I bet if you added some cheddar on top it would be a slam dunk.


----------



## bowhunter1961 (Jan 12, 2007)

WSW
no real texan would ever eat that.......texans that are true to the republic eat "wolf brand"........with beans !


----------



## Kevin (Jan 12, 2007)

*best ever chili*

chop 3/4 ribs of celery
2/3 onions
1/2 green peppers (quantity depends on size)
Saute all of above in large heavy bottomed pot w/ oil 'til sweated down
Add 1 lb of ground beef and cook 'til brown
Add 2 tbls of favorite chili powder mix (I use more)
" 2/3 pinches of dark cocoa
" tsp of cumin
" tsp red pepper (ground)
" Pinch of cinnamin (or so)
" 6 or so splashes of hot sauce

Simmer this for at least 15 min

add bean up to 6 cups (try not to use canned, if possible)
I use 1/3 pinto, 1/3 kidney, 1/3 black beans (or 2 cups of each --aprox I cook and freeze the beans in "chili size" zip-locs)
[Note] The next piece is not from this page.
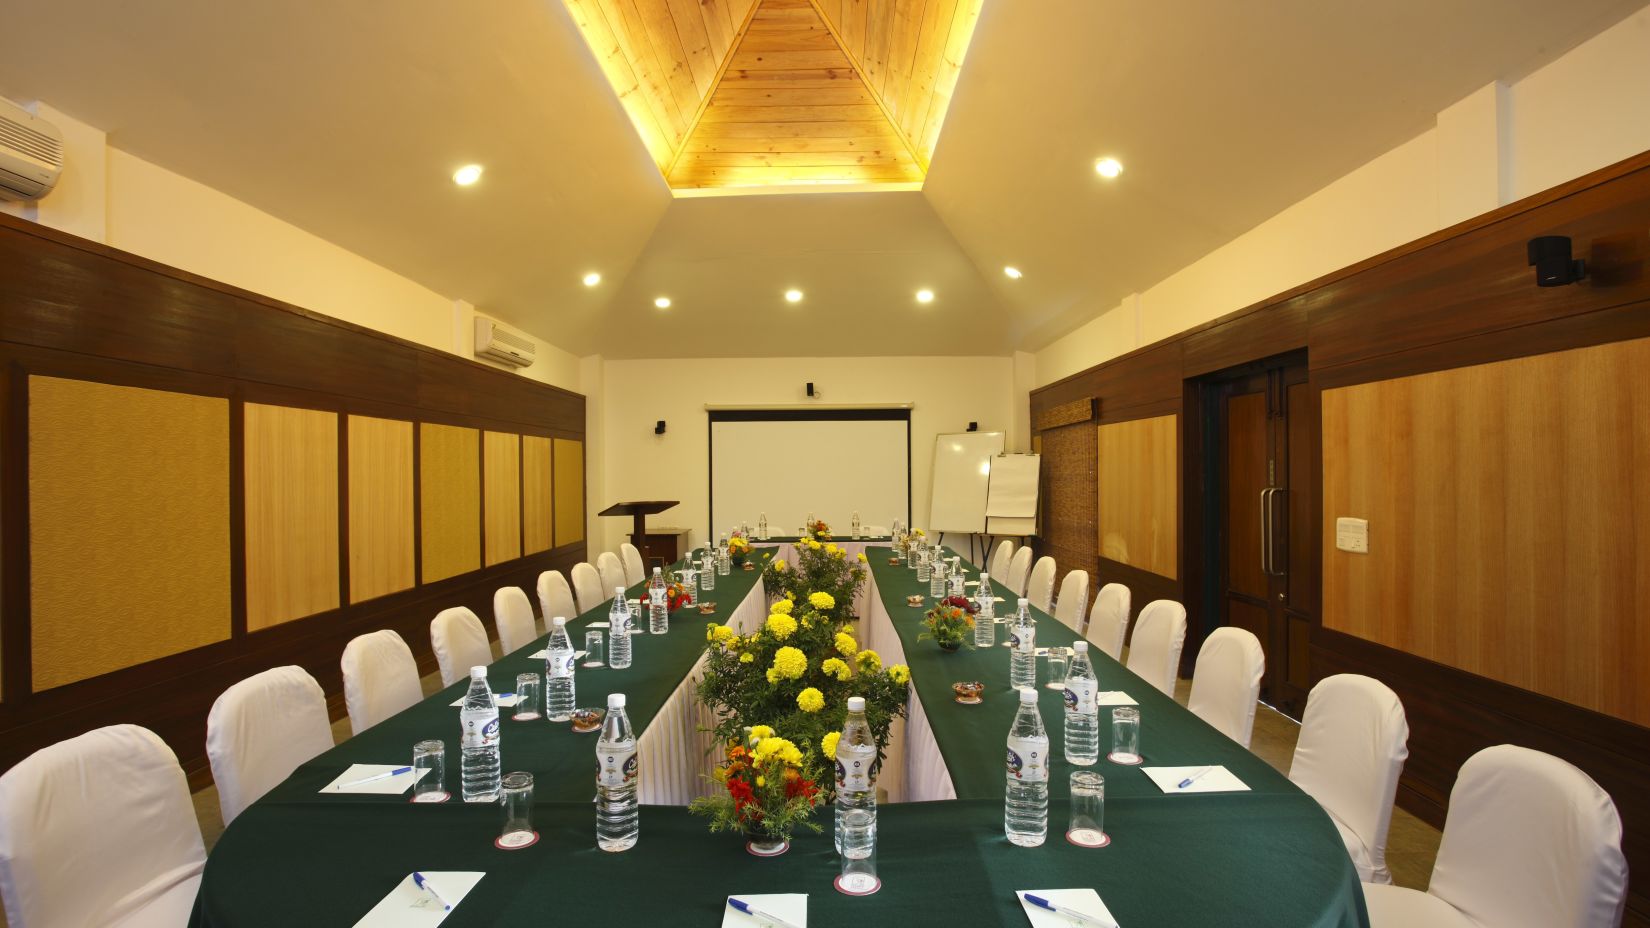 23. Conference Hall

add one 28 oz can of chopped tomatos

add 1 or 2 bottles of dark beer (depends on how much time you have avail. to simmer--2nd pint if you have time avail)

add 2 tbls (more) of chili powder
simmer for 3 to 5 hours
let rest overnight
bring back upto temp and taste and adjust seasoning 

serve with hot sauce, chedder, sour cream, chopped green onion, whatever you like.


----------



## CalvinandHodges (Jan 13, 2007)

*Colorado Chili*

Hay:

1 lb. ground beef
1 diced onion
1 tablespoon diced fresh jalapeno pepper
1 15-ounce can kidney beans with liquid
1 14.5-ounce can peeled diced tomatoes
1 8-ounce can tomato sauce
1 cup water
1 tablespoon apple cider vinegar
1 teaspoon salt
1 teaspoon chili powder
1/4 teaspoon garlic powder
1 bay leaf

Garnish:
grated Cheddar cheese
diced onion
canned whole jalapeno chili peppers

1. Brown ground beef in a large saucepan over medium heat. Drain fat.

2. Add onion and pepper and saute for about 2 minutes.

3. Add remaining ingredients and simmer for 1 hour, stirring occasionally. Serve one cup in a bowl with the optional cheese, diced onion, and whole jalapeno garnish on top.

Serves 4.

Bon Apetite!

-CH


----------



## nicnap (Jan 13, 2007)

Thanks guys. In the end I just sorta' went by taste. I added this and that until it was right. (It was very good, and a very big hit.) 

Keep the recipes coming though...there may be one that I can steal.


----------